Le président de l’Autorité de Sureté Nucléaire, Pierre Franck Chevet a donné une ITW à Libération qui met les points sur les i, selon quelqu’un qui ne peut être suspecté d’être antinucléaire « il faut imaginer qu’un accident de type Fukushima puisse survenir en Europe ». Le président de l’ASN pointe la responsabilité de sûreté qui incombe aux exploitants - prise en manquement pour AREVA vis-à-vis de l’EPR de Flamanville – avec une autorité qui sera sans concession sur ses exigences pour étendre la durée de vie des vieilles centrales d’EDF.

Au niveau de la centrale du Bugey, les suisses s’inquiètent et s’opposent à la réalisation d’un centre de déchets nucléaires sur site qui devrait stocker une part de ceux issus des neuf vieux réacteurs d’EDF en cours de démantèlement (Brennilis, Bugey-1, Saint-Laurent, Chinon, Creys-Malville).
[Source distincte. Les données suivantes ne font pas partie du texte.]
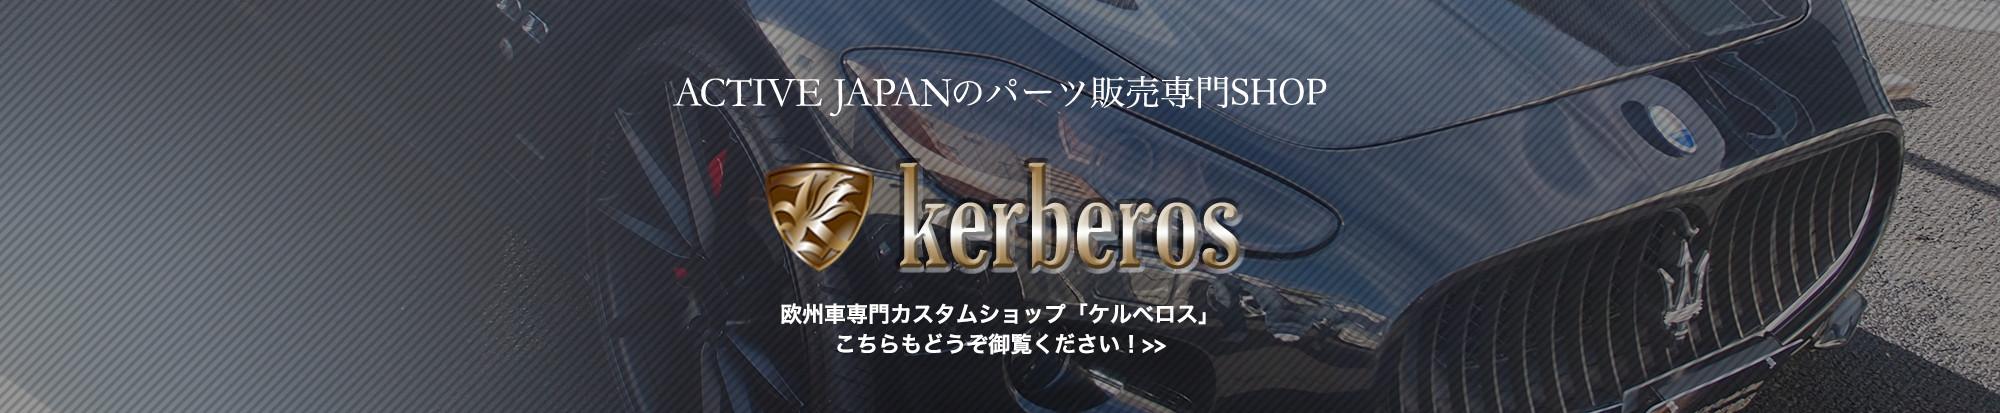 アクティブジャパンのパーツ販売専門ショップ kerberos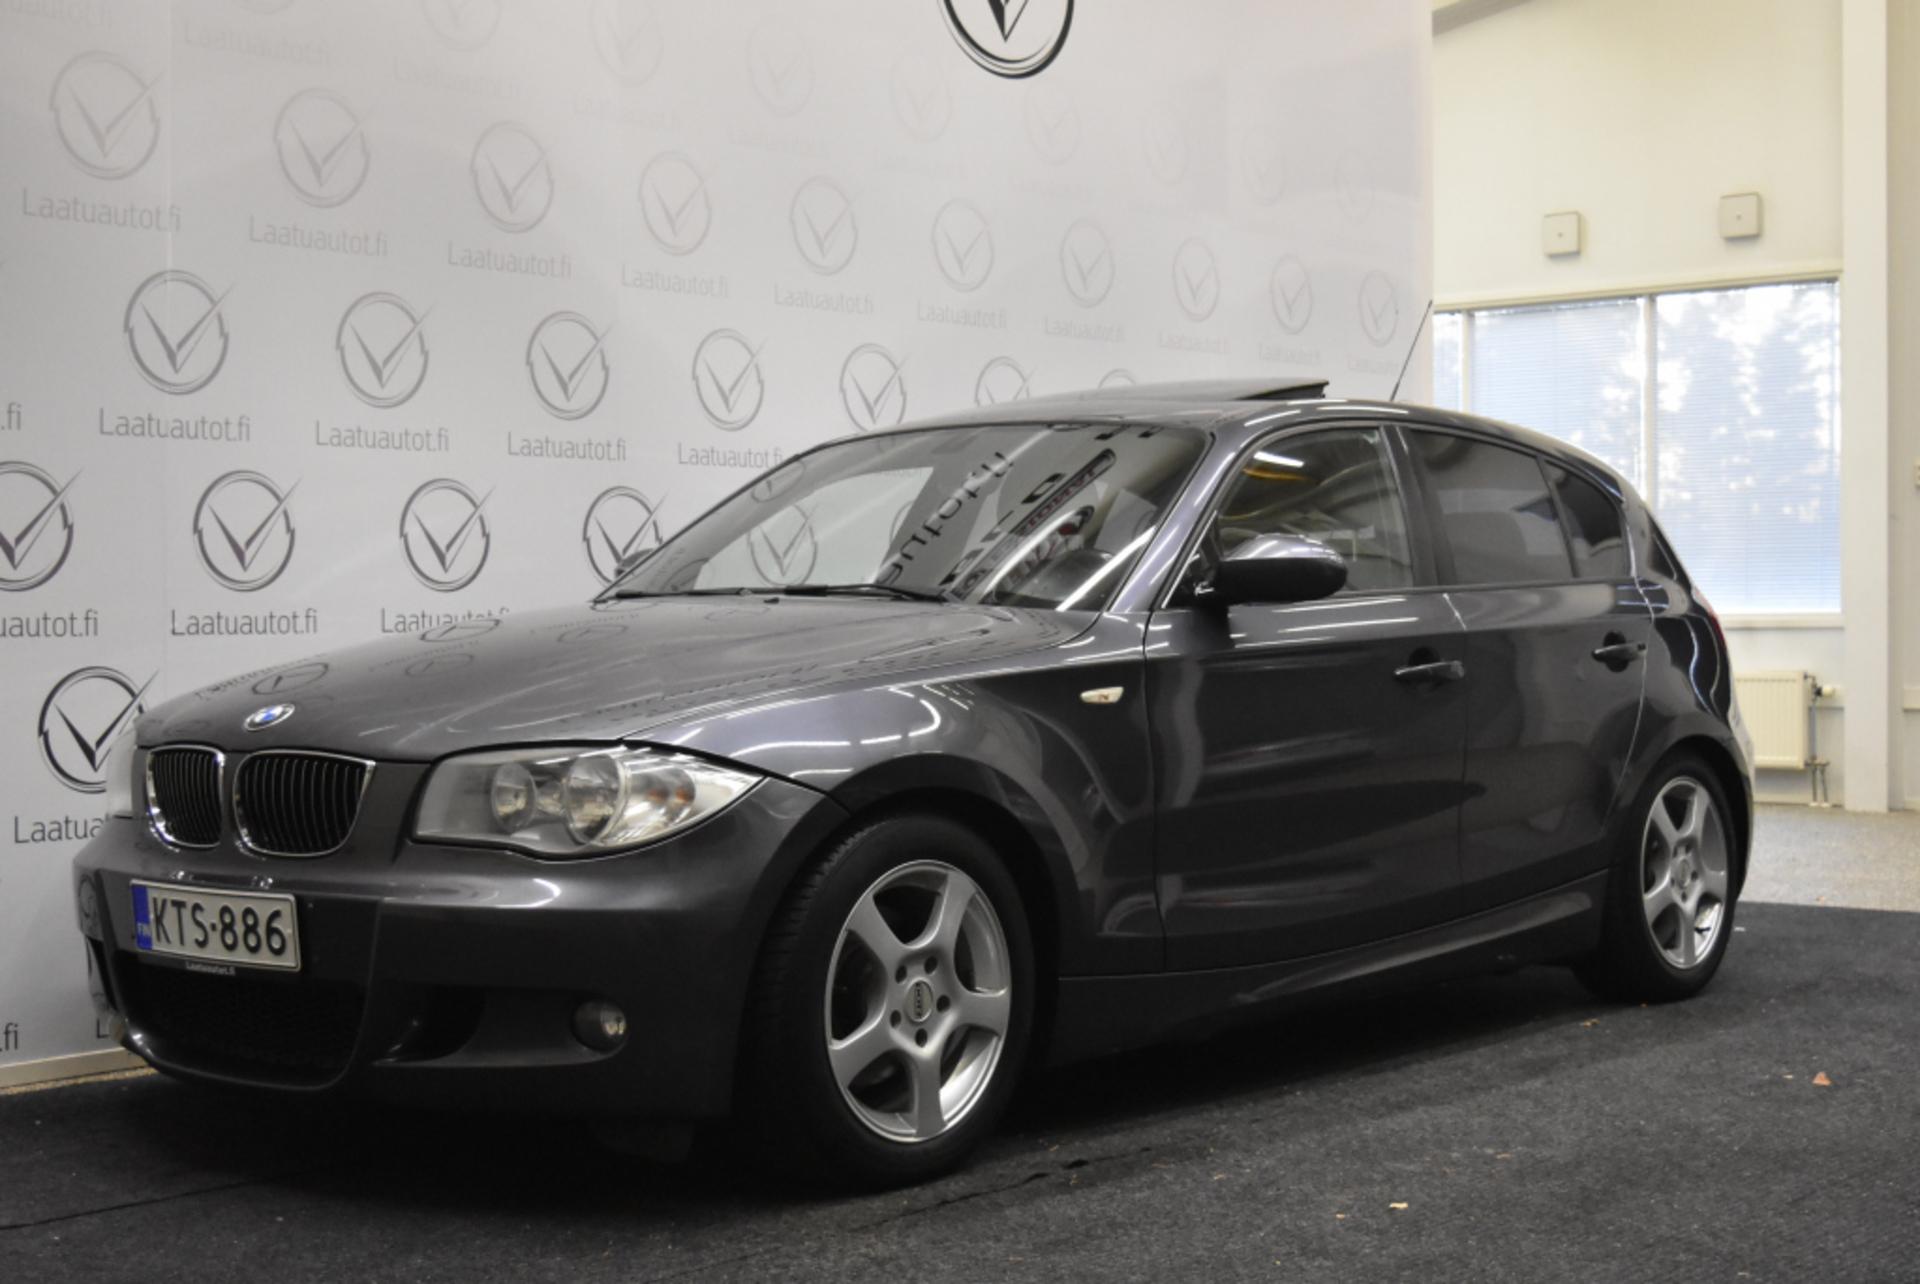 BMW 120 E87 M-Sport - Hieno alkuperäinen M-sport,  Korkotarjous 1, 99%+kulut,  jopa ilman käsirahaa

Une poubelle nucléaire à 70 km à vol d’oiseau de Genève, ça pose question aux suisses qui voient cela d’un très mauvais œil ! On les comprend…

La ministre fédérale allemande de l’Environnement Mme Barbara Hendricks, et la ministre de la Santé luxembourgeoise Lydia Mutsch, préparent un courrier conjoint à la ministre française de l’environnement Ségolène Royal pour dénoncer les failles des réacteurs de Cattenom et demander la fermeture de la centrale. L’opposition de l’Allemagne et du Luxembourg à la centrale nucléaire frontalière est à son comble.

A Fessenheim pour la doyenne des centrales nucléaires françaises, c’est un incident survenu en avril 2014 qui inquiète et irrite en Allemagne. Barbara Hendricks, va continuer d’user sa plume pour écrire à Ségolène Royal pour demander la fermeture de cette centrale « le plus vite possible ».

Auditionné mardi 1er mars à l'Assemblée nationale, le président de l’ASN Pierre-Franck Chevet a évoqué le prolongement de la durée de vie des centrales nucléaires au-delà de 40 ans, pour remettre en cause l’optimisme du chiffrage d’EDF, avec un coût qui devrait aller de « 50 à 100 milliards d'euros dans les 10-15 ans à venir ». Il a aussi évoqué le risque de risque terrorisme/avion pour confirmer que nos centrales ne sont pas dimensionnées pour résister à toutes les chutes d’aéronefs !!!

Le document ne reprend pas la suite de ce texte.